• RECORDS FOR THE EXERCISE:
☆ ☆ ☆ ☆ ☆ ☆ ☆
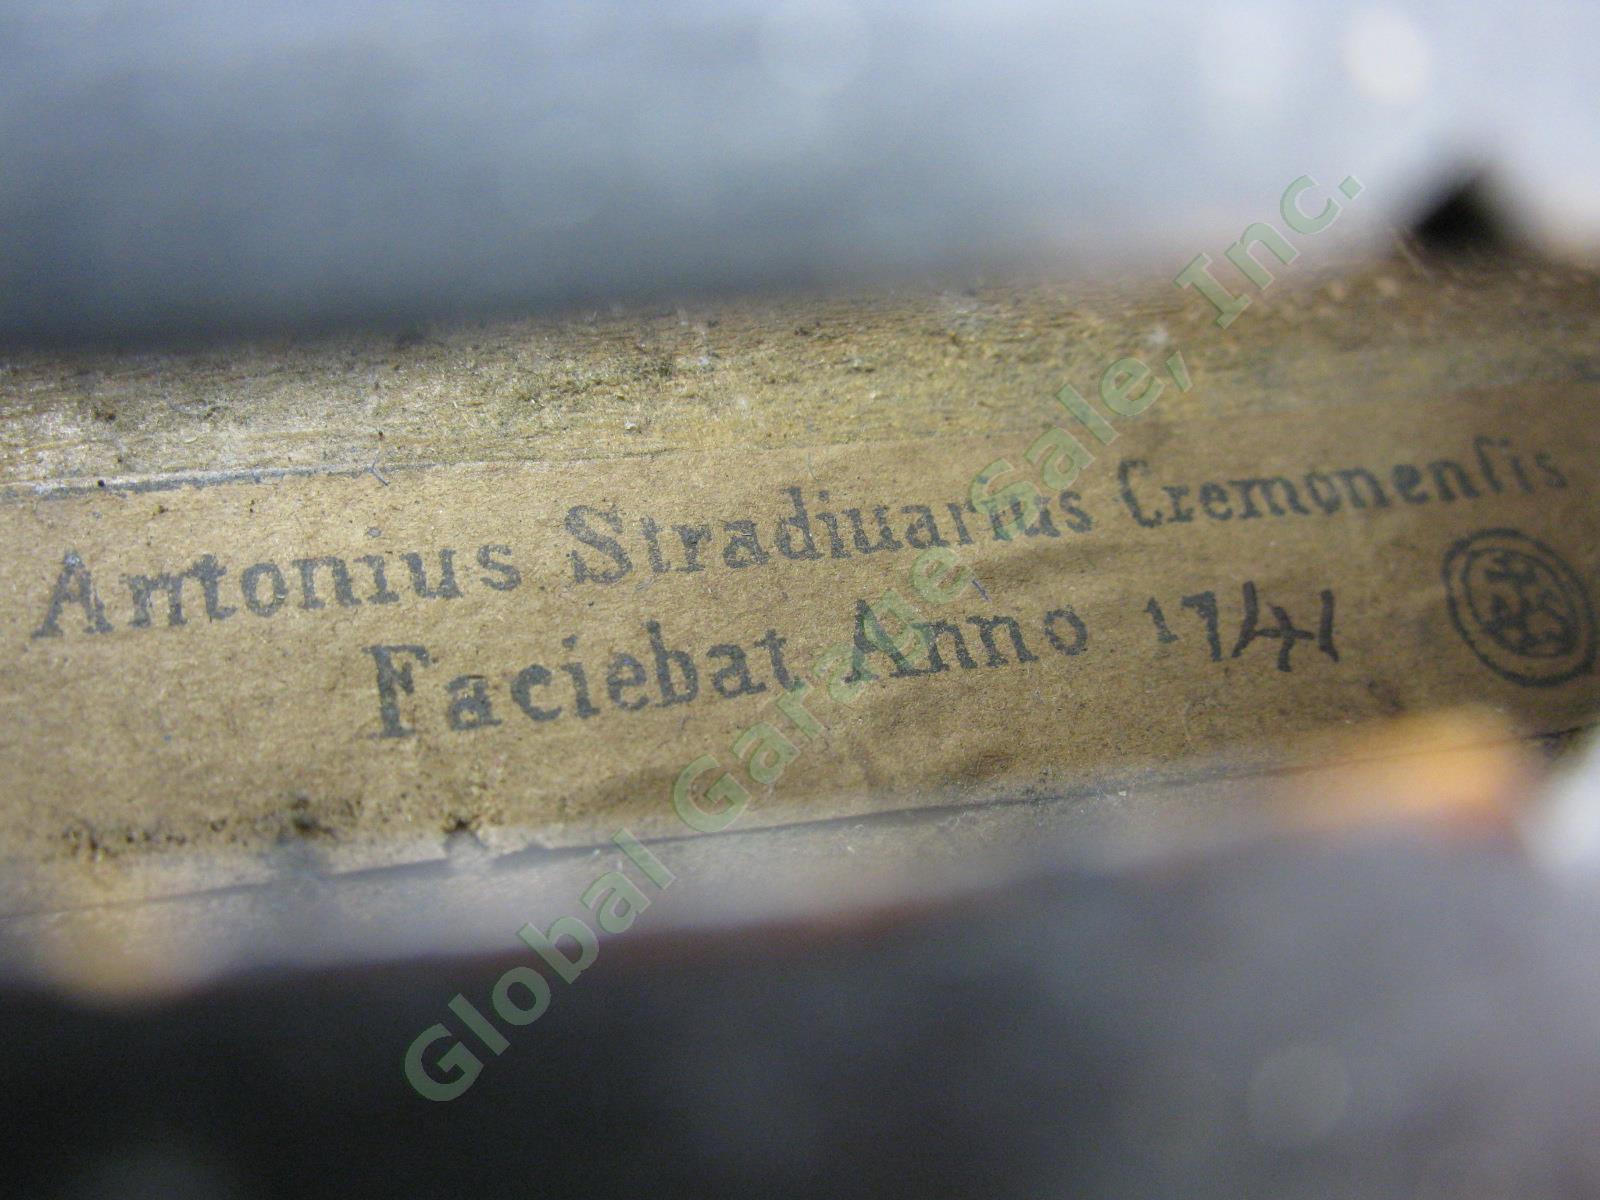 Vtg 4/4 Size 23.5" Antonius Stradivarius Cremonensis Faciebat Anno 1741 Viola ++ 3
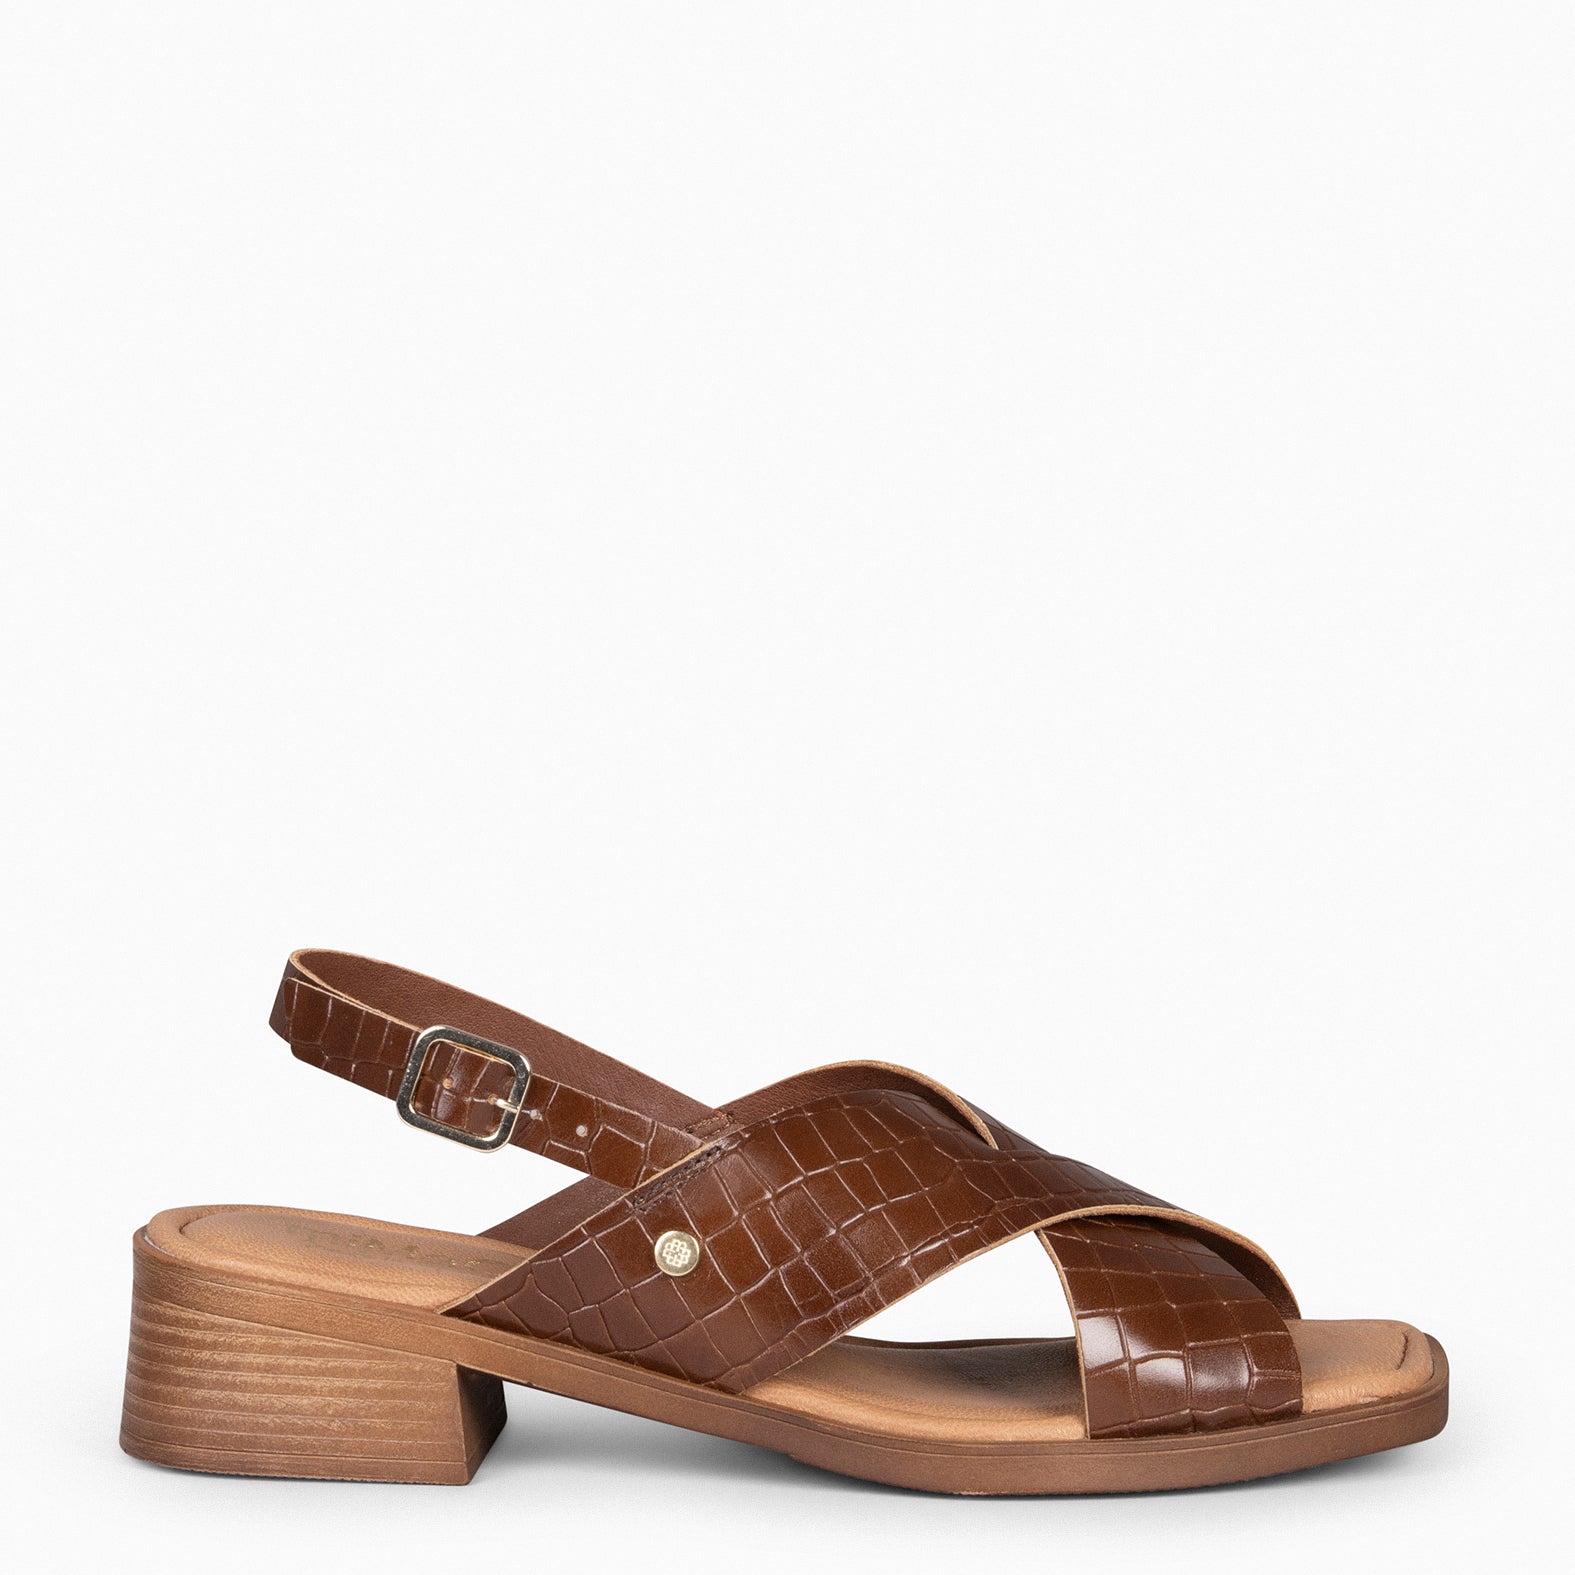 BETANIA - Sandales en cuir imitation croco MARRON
☆ ☆ ☆ ☆ ☆ ☆ ☆
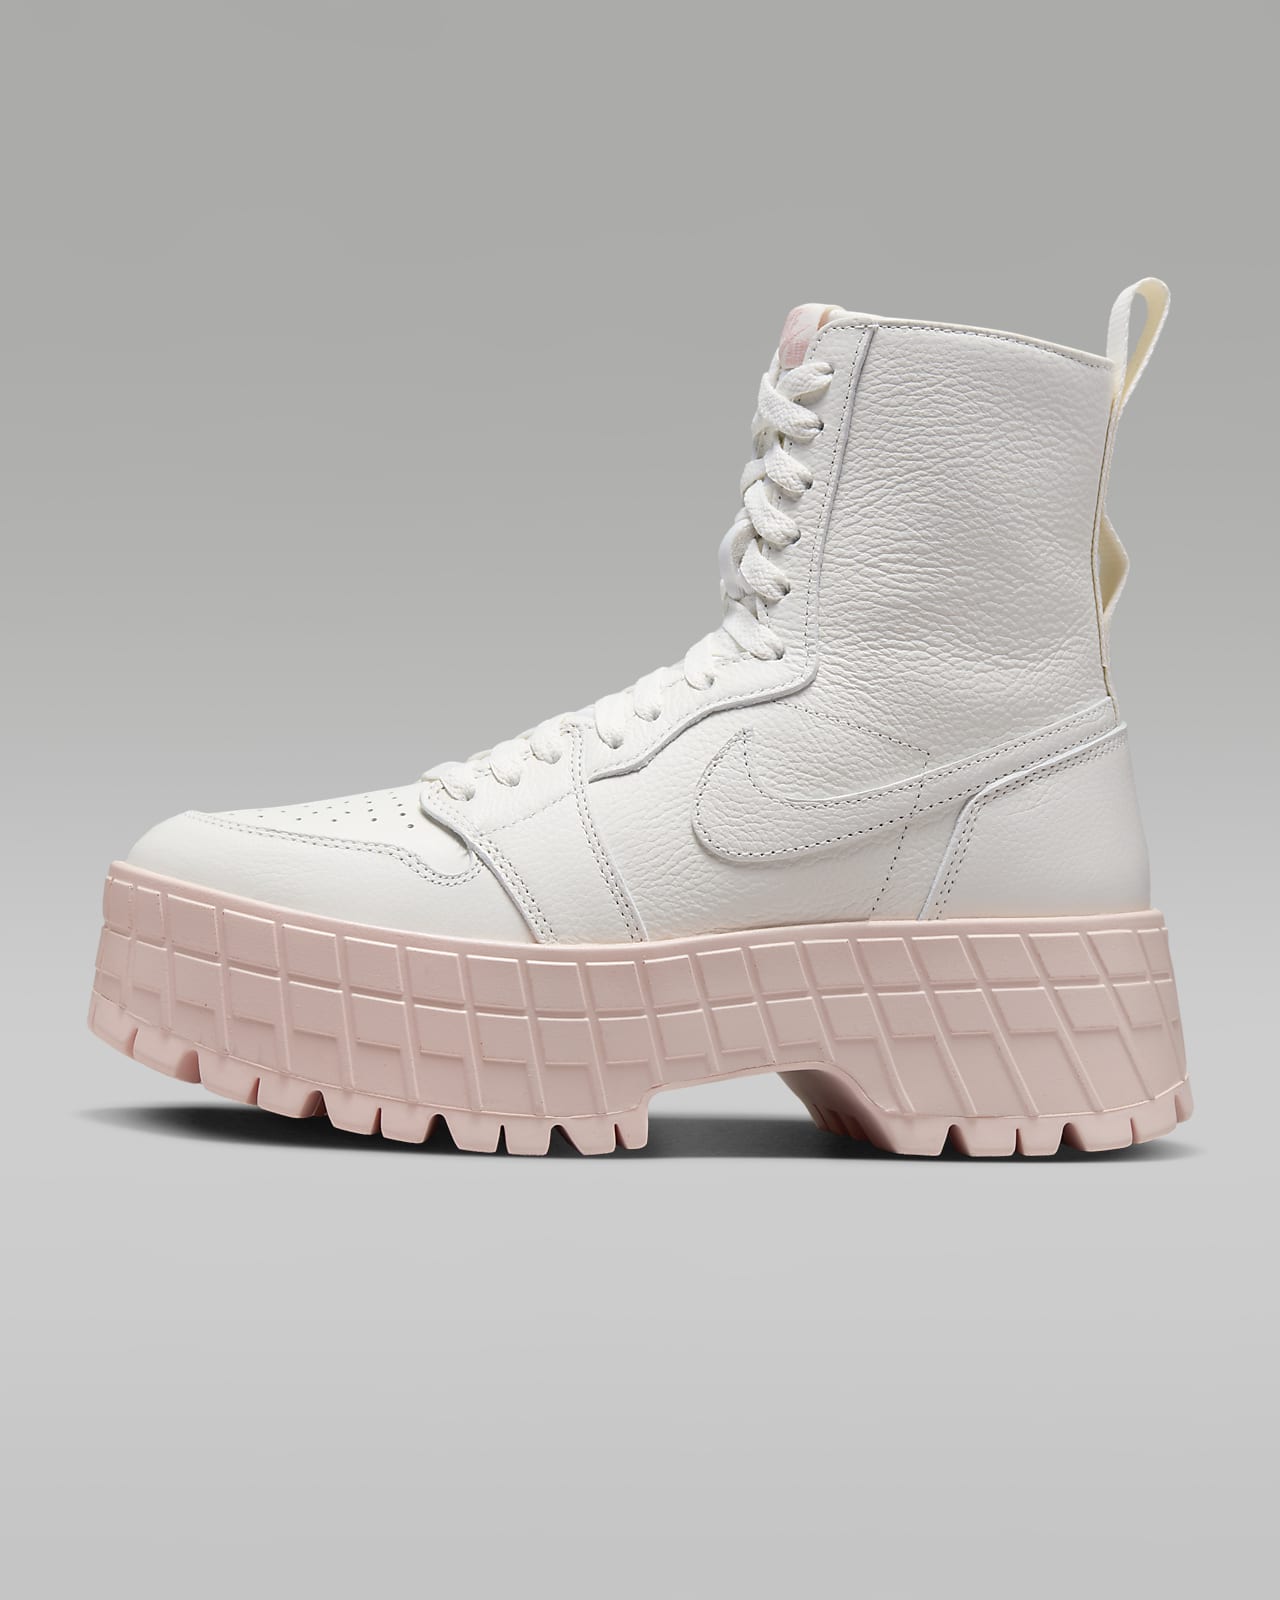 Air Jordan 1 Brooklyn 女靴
☆ ☆ ☆ ☆ ☆ ☆ ☆
• DIRECTIONS:
The reply should hold exactly the lines above, starting at the line with "Vtg 4/4 Size" and ending at the line with "BETANIA - Sandales", and no pictures.

• SOLUTION TO THE PROBLEM:
 Vtg 4/4 Size 23.5" Antonius Stradivarius Cremonensis Faciebat Anno 1741 Viola ++ 3
 BETANIA - Sandales en cuir imitation croco MARRON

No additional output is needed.